Hello.

I'm stuck on a part in my program. Some numbers are adding up properly, others aren't. I assume the problem is that I'm using integers instead of doubles, however, how would you format the following in C?

How to describe it, it's like a chain. I have to take a percentage of an initial value and add it to the next number. Then take a percentage of the next number and add that to the next number. The numbers get pretty big, and the percentages vary, 5%, 10%, 30%. For the most part, everything works out nice and well, but theres a few numbers that are off by 1, either +1 or -1. If I try to add something like +0.5 after the statement it throws off other numbers.

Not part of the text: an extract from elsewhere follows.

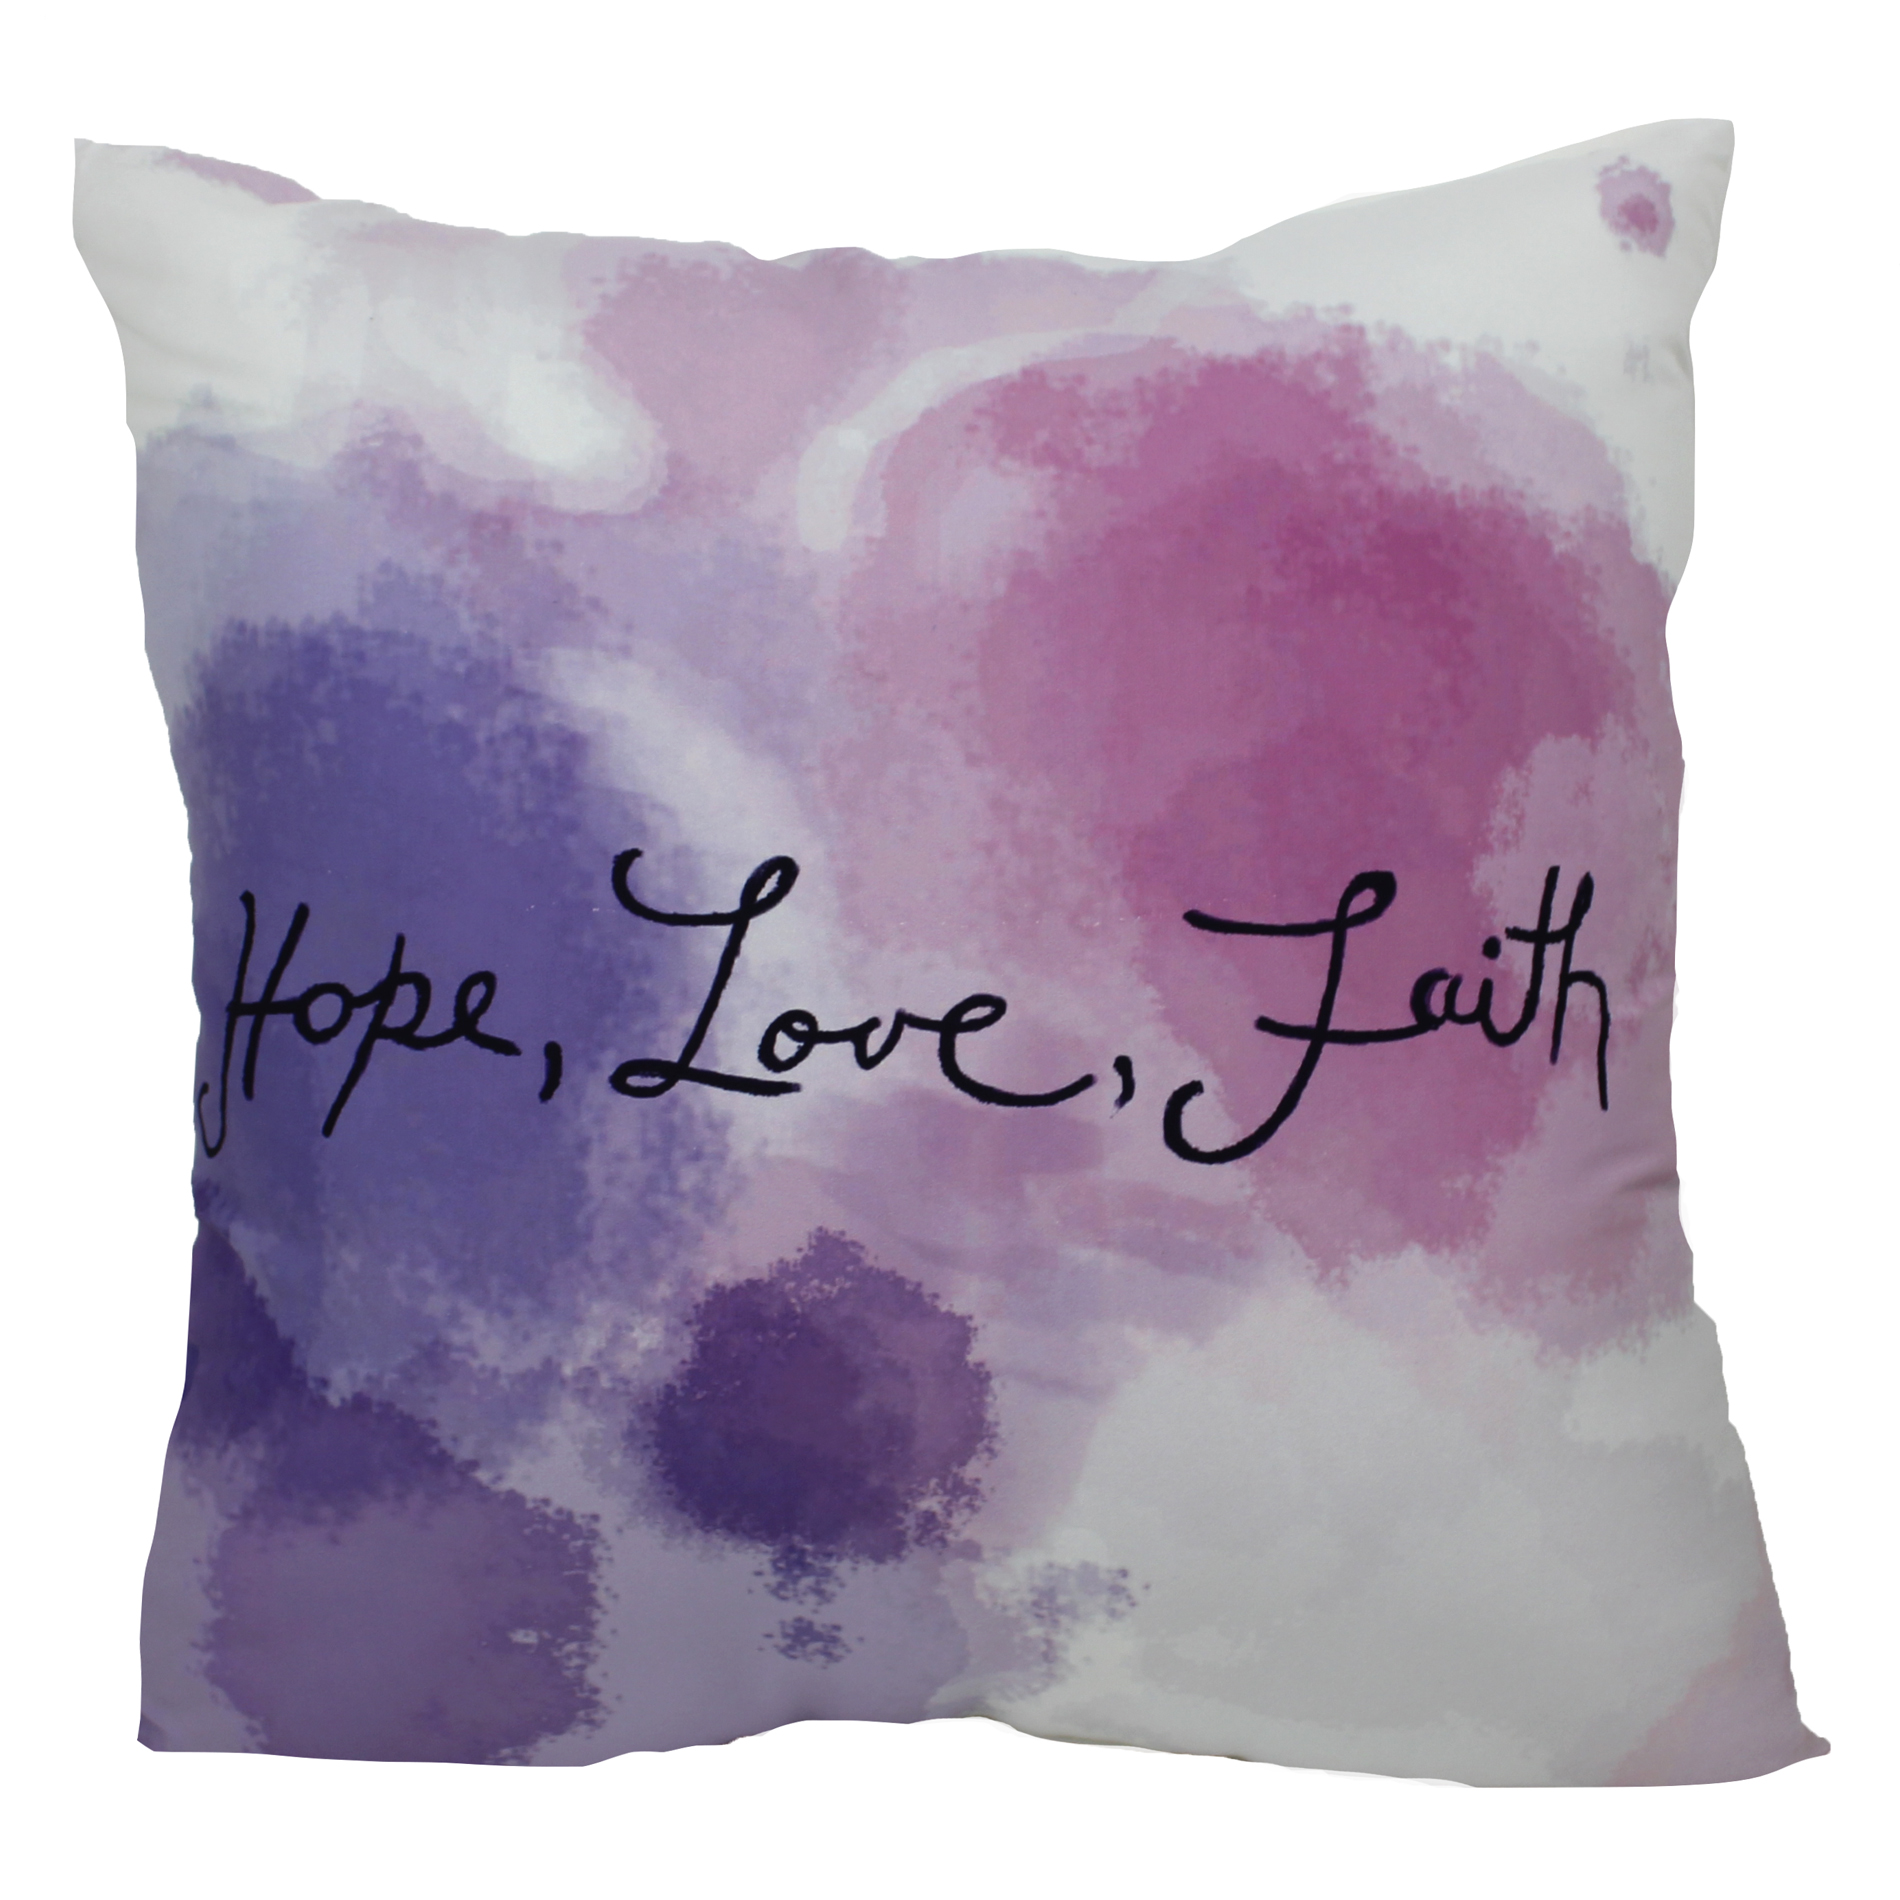 -Hope  Love Faith Pillow

So, logically it seems reasonable I'd need to switch from ints to doubles, but that confuses me as to how the output will look. The output cannot be in decimal form. Can you take a double number and print it out as an integer would look?

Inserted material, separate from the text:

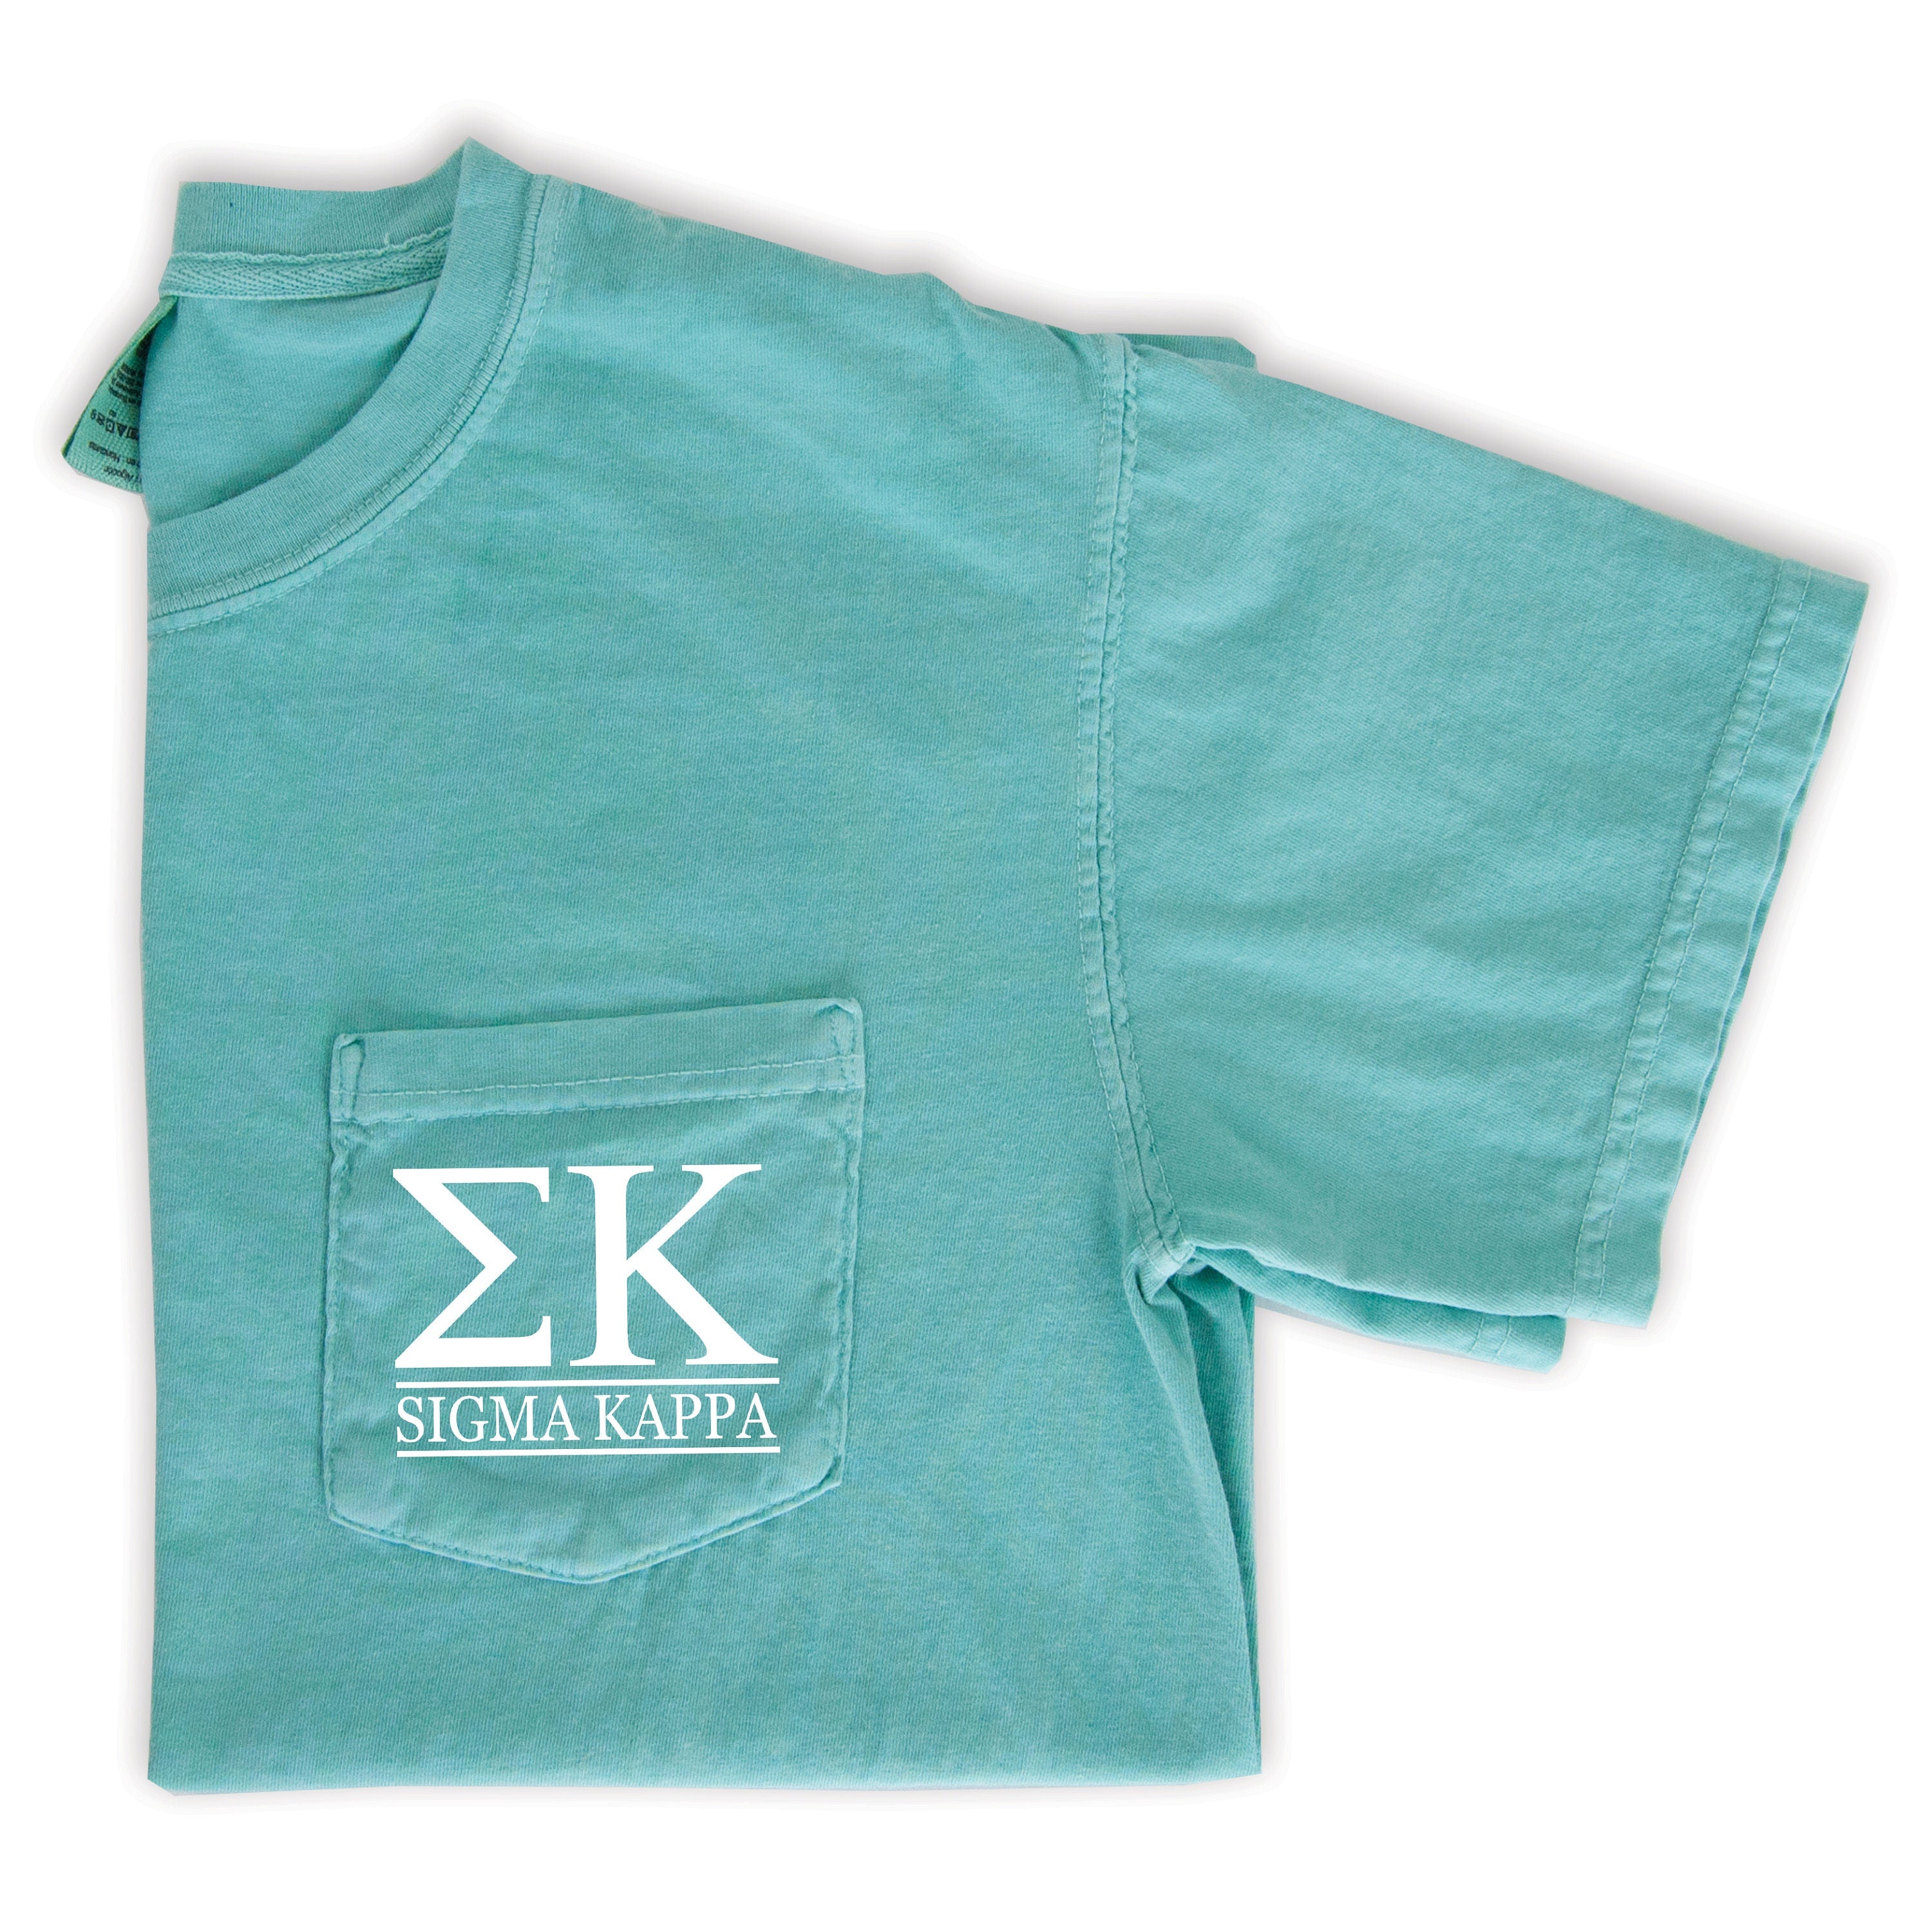 Sigma Kappa Block Letters Pocket T-Shirt - Mint - Go Greek Chic

Heres how the current int output looks:

printf("%4d", solution);

The 4 space format is necessary. Is there a way to take a type double number, say, 5.32 and make it appear on the output as just "5" yet still be formatted with the 4 spaces?

Yes, it is called casting. Consider the following:

double d1 = 5.21;
int num;
num = (int)d1;
printf("%.2d", (double)num);

Output = 5.00

Also, I wrote a decimal-to-integer function that allows you to convert decimal-to-integer rounding it off no matter how long the float portion of the number is.
Link to snippet: http://www.daniweb.com/code/snippet652.html
Code:

int Double2Integer(char *fnum) {     
  int integeri = atoi(fnum),i,j,k;     
  char hex = 0x30;     
  i=k=0;      
  while (fnum[i] != '.') i++;    
     j = strlen(fnum);     
     for (;j>i;j--) {     
       if (fnum[j] >= 5 && fnum[j] <= 9) {                 
        while (fnum[j-1] != hex)                    
           hex++;                
           hex++;                
 fnum[j-1] = hex;      
 }     
}     
if (fnum[i+1] >= 5 && fnum[i+1] <= 9)       
integeri++;                
return integeri; 
}

The only downfall is that you have to conver the double to a
string of characters (i.e char a[] = "5.5421"). If that doesn't
answer you question, let me know.

Good luck, LamaBot

You could also do something like this:

printf("%4d", (int)ceil(solution - 0.5));

This'll print the rounded value without actually changing the double, so your other numbers should be fine.

#include for the ceil function

Infraction's way works as well. Here is just a simple way to convert from double to char to accommodate the latter option:

char dblBuf[8];
sprintf(dbBuf,"%4.2f",solution);
printf("%4d",Double2Integer(dbBuf));

It is good to have options if a given option is good in and of itself.

Good luck, LamaBot